─── MATERIAL FOR THIS EXERCISE
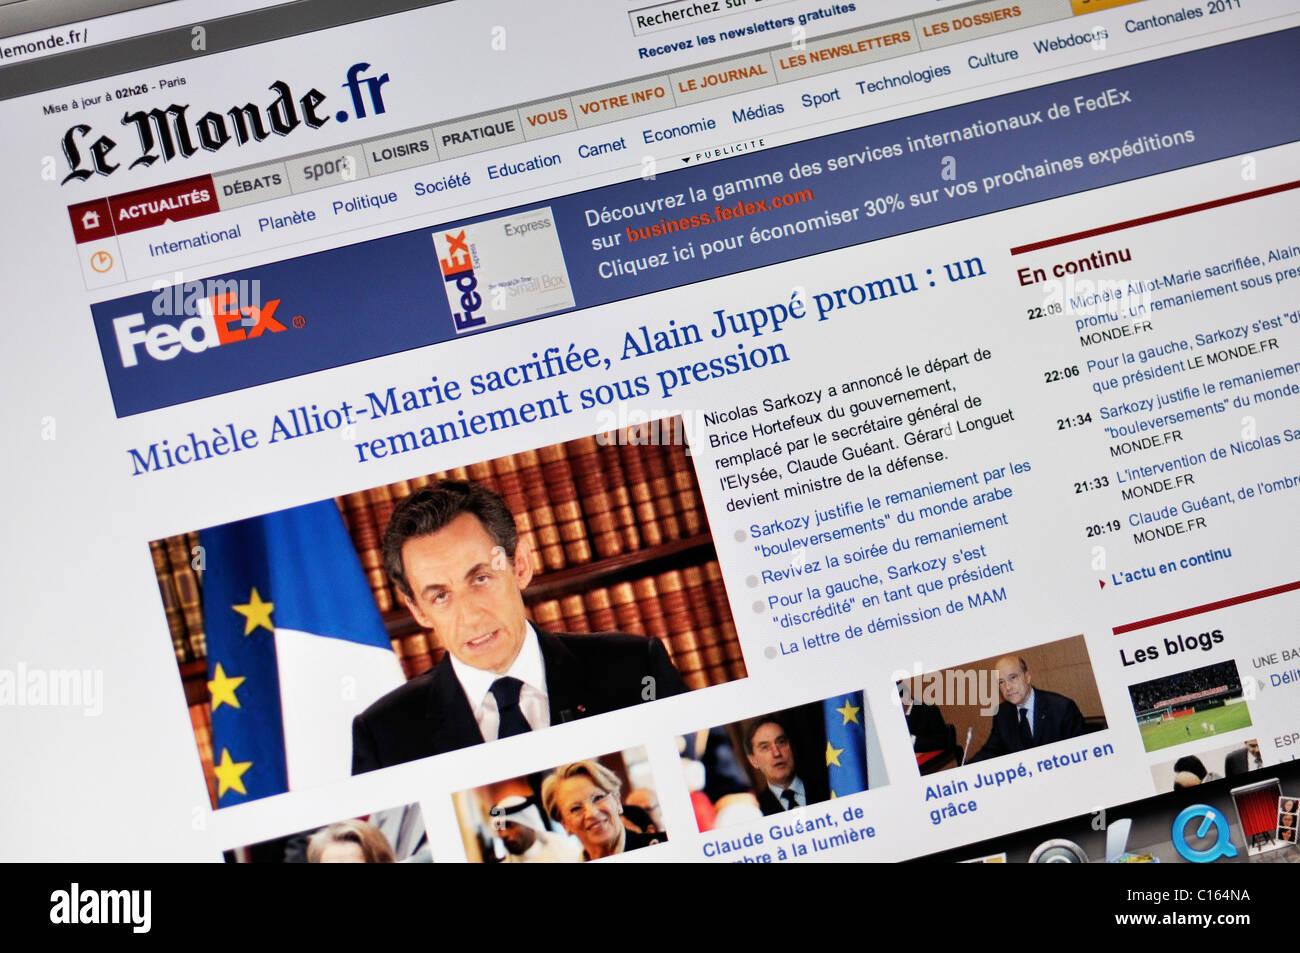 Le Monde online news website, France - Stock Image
──────
─── MATERIAL FOR THIS EXERCISE
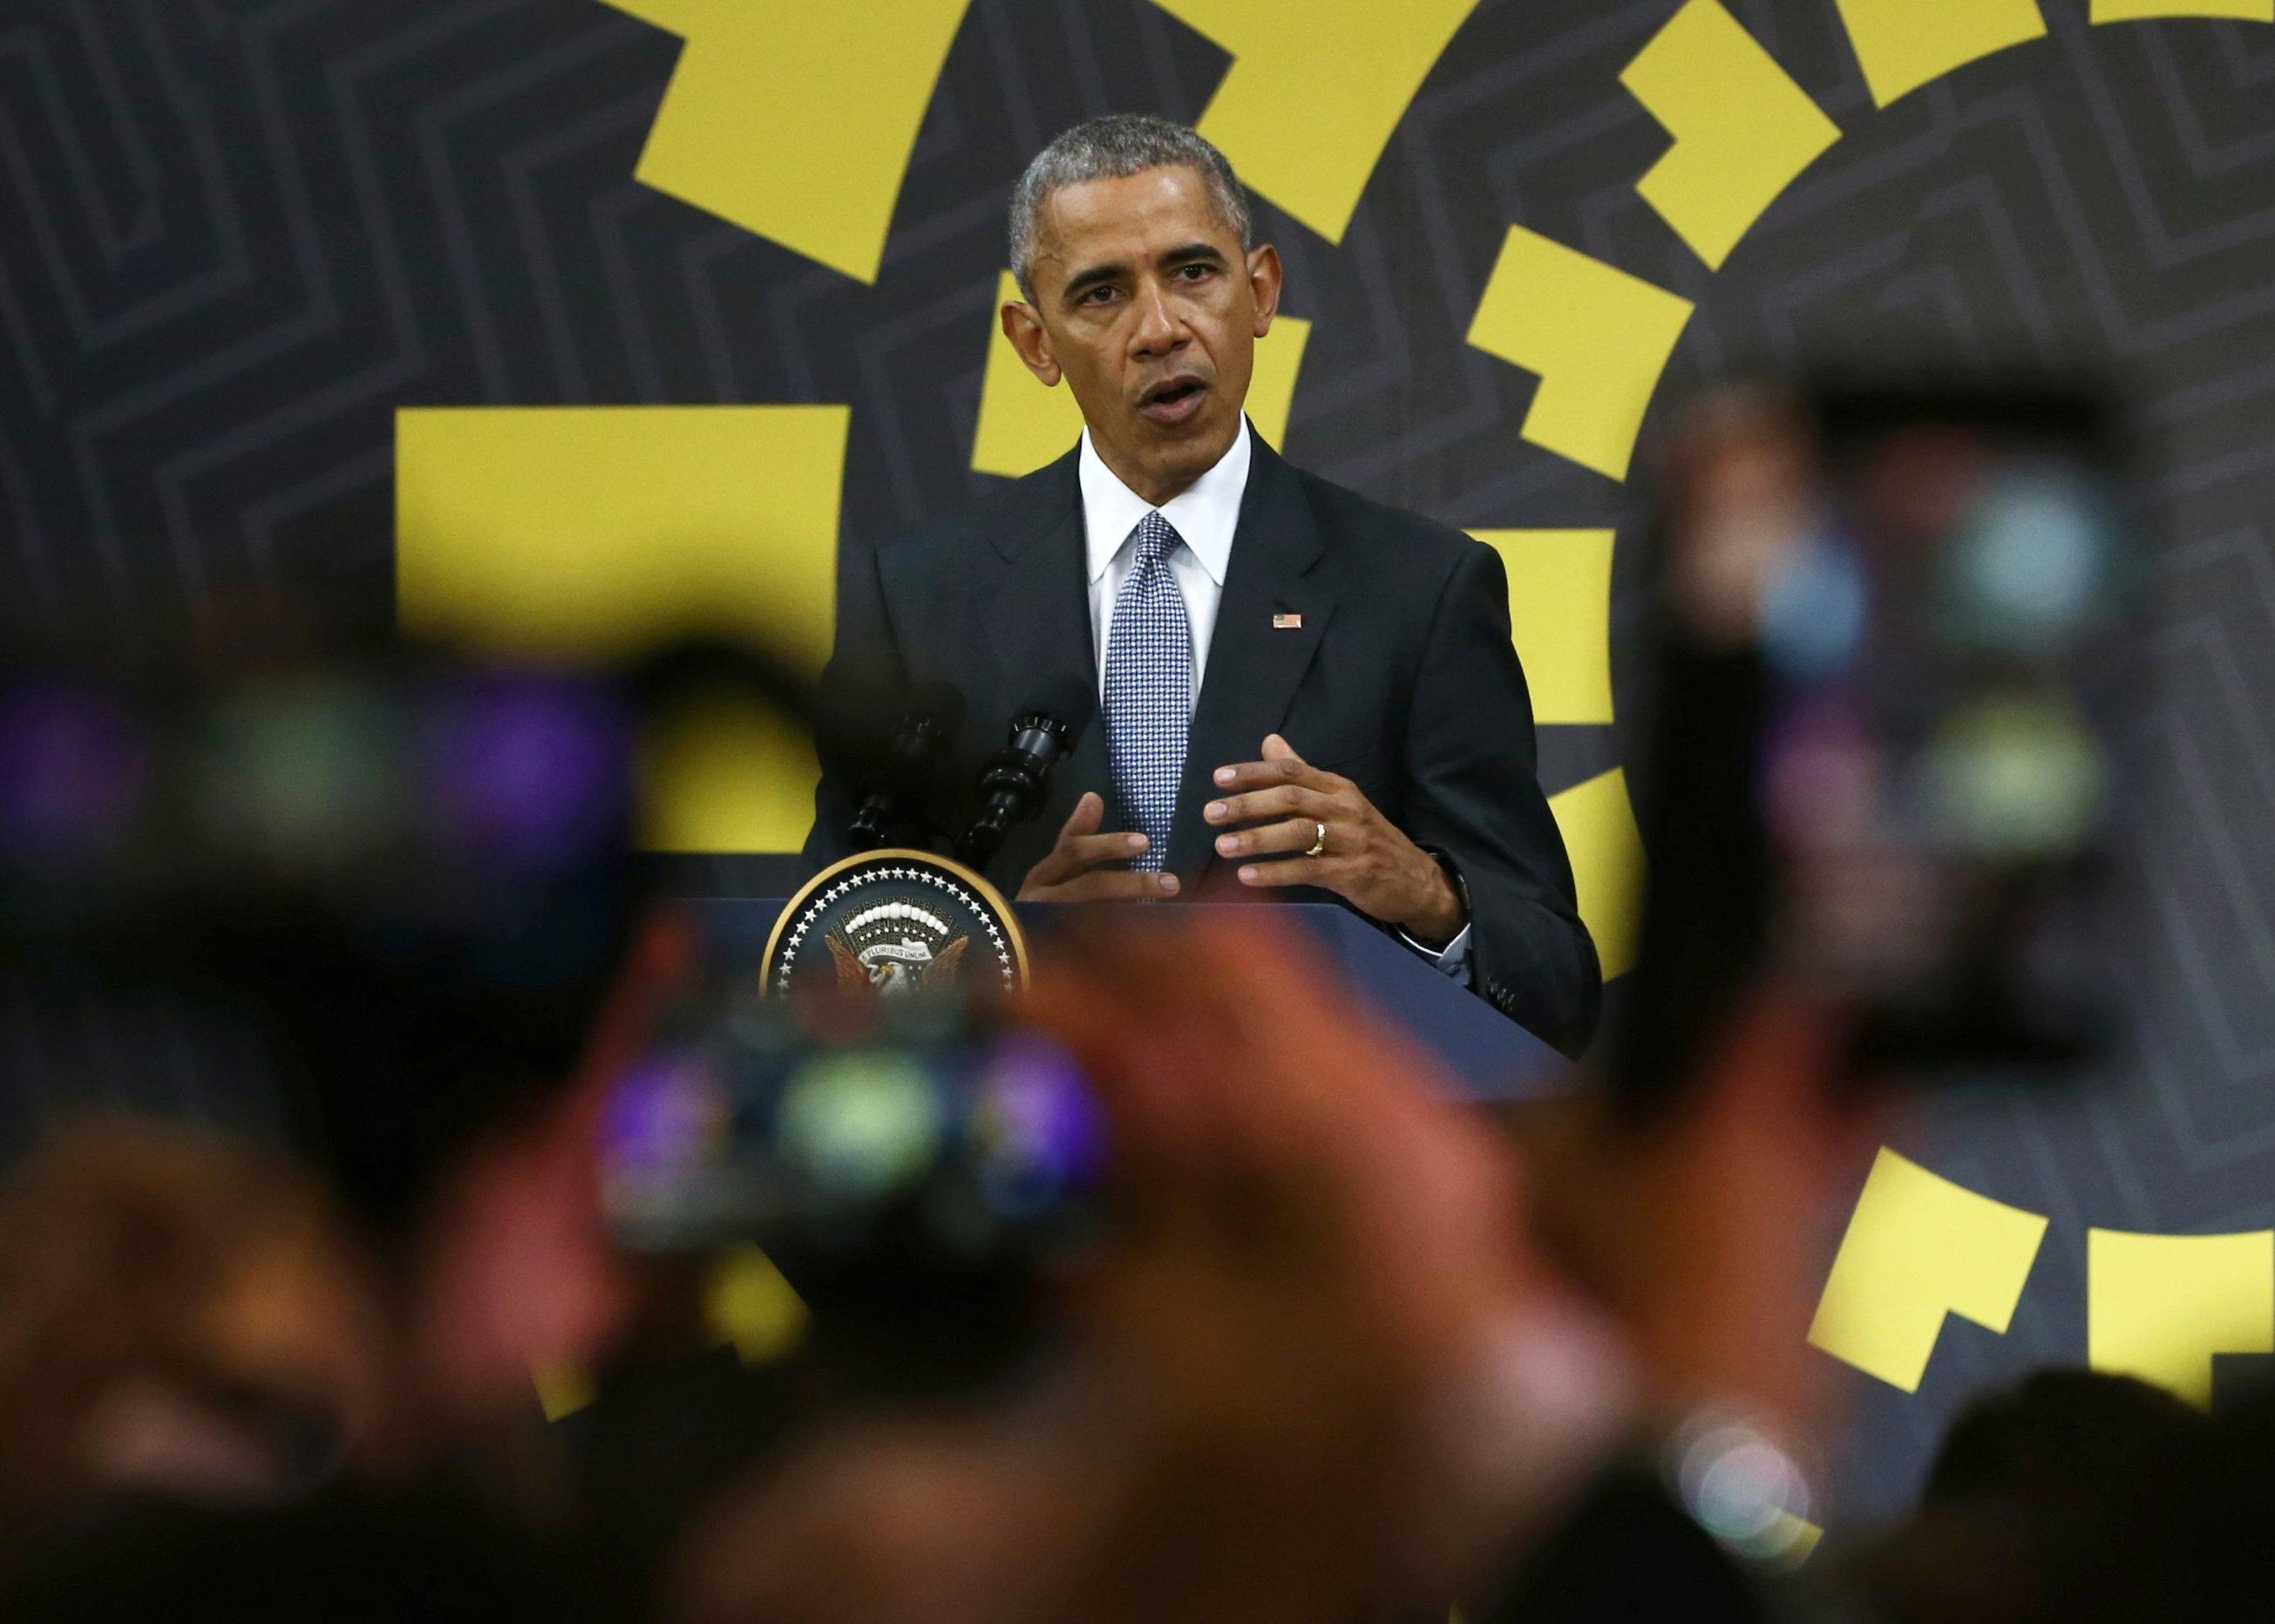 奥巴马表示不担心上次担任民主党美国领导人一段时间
──────
─── MATERIAL FOR THIS EXERCISE
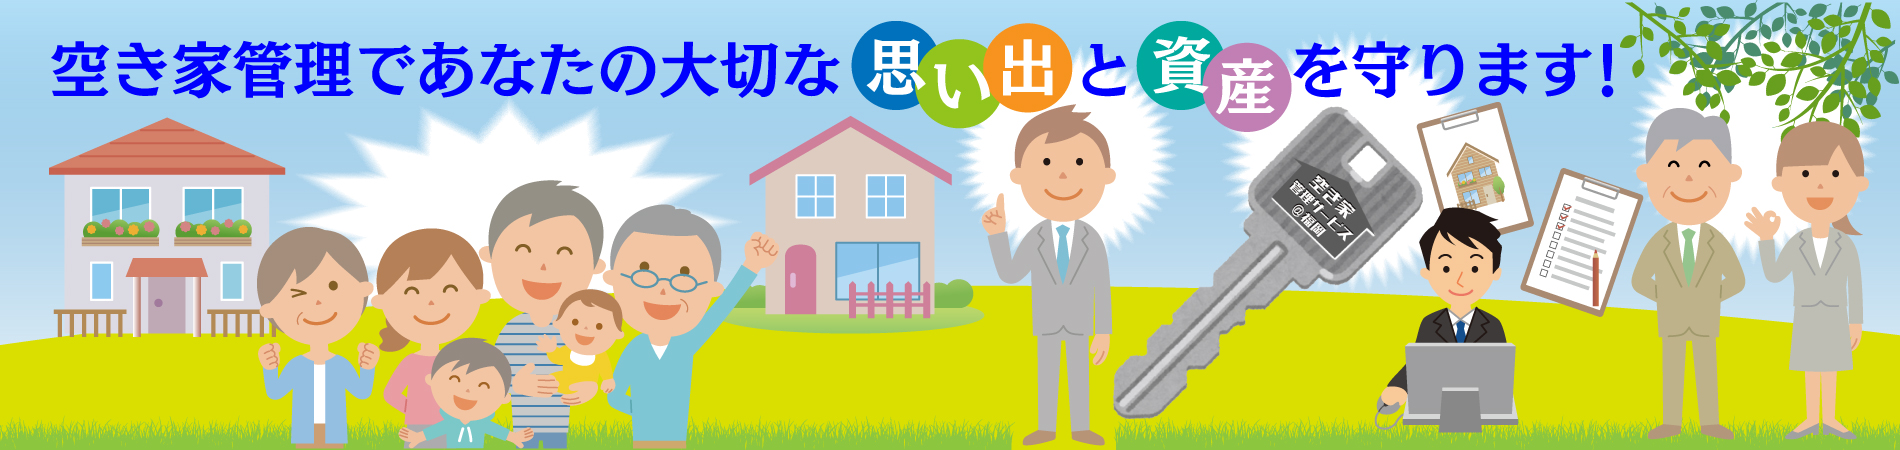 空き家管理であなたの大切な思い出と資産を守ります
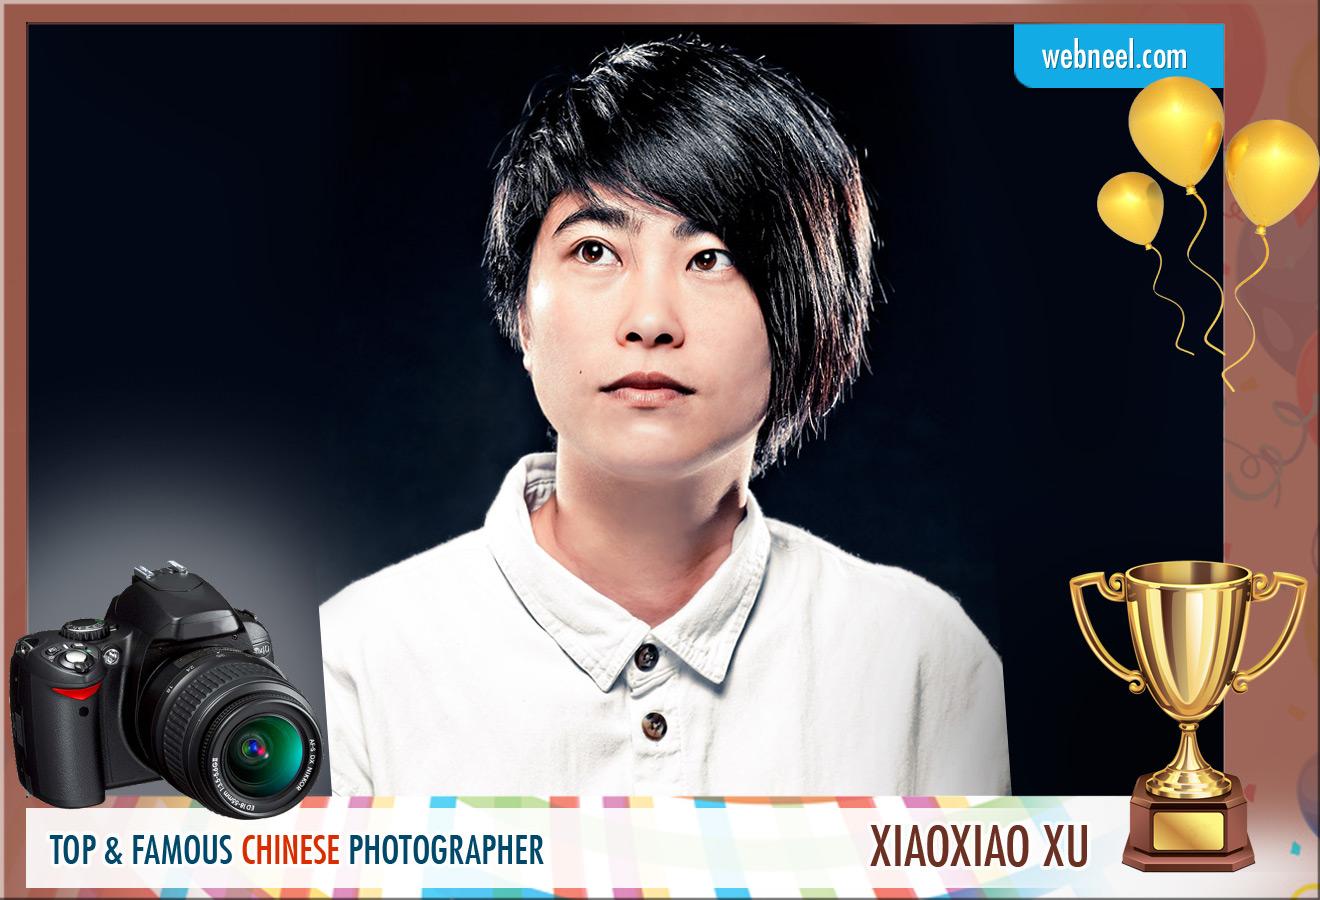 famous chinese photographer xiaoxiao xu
──────
Starting at the line above that contains "空き家管理であなたの大切な思い出と資産を守ります", transcribe every line exactly through the line that contains "famous chinese photographer xiaoxiao xu", including that last one, and skip the pictures.

● ANSWER TO THIS EXERCISE
 空き家管理であなたの大切な思い出と資産を守ります
 famous chinese photographer xiaoxiao xu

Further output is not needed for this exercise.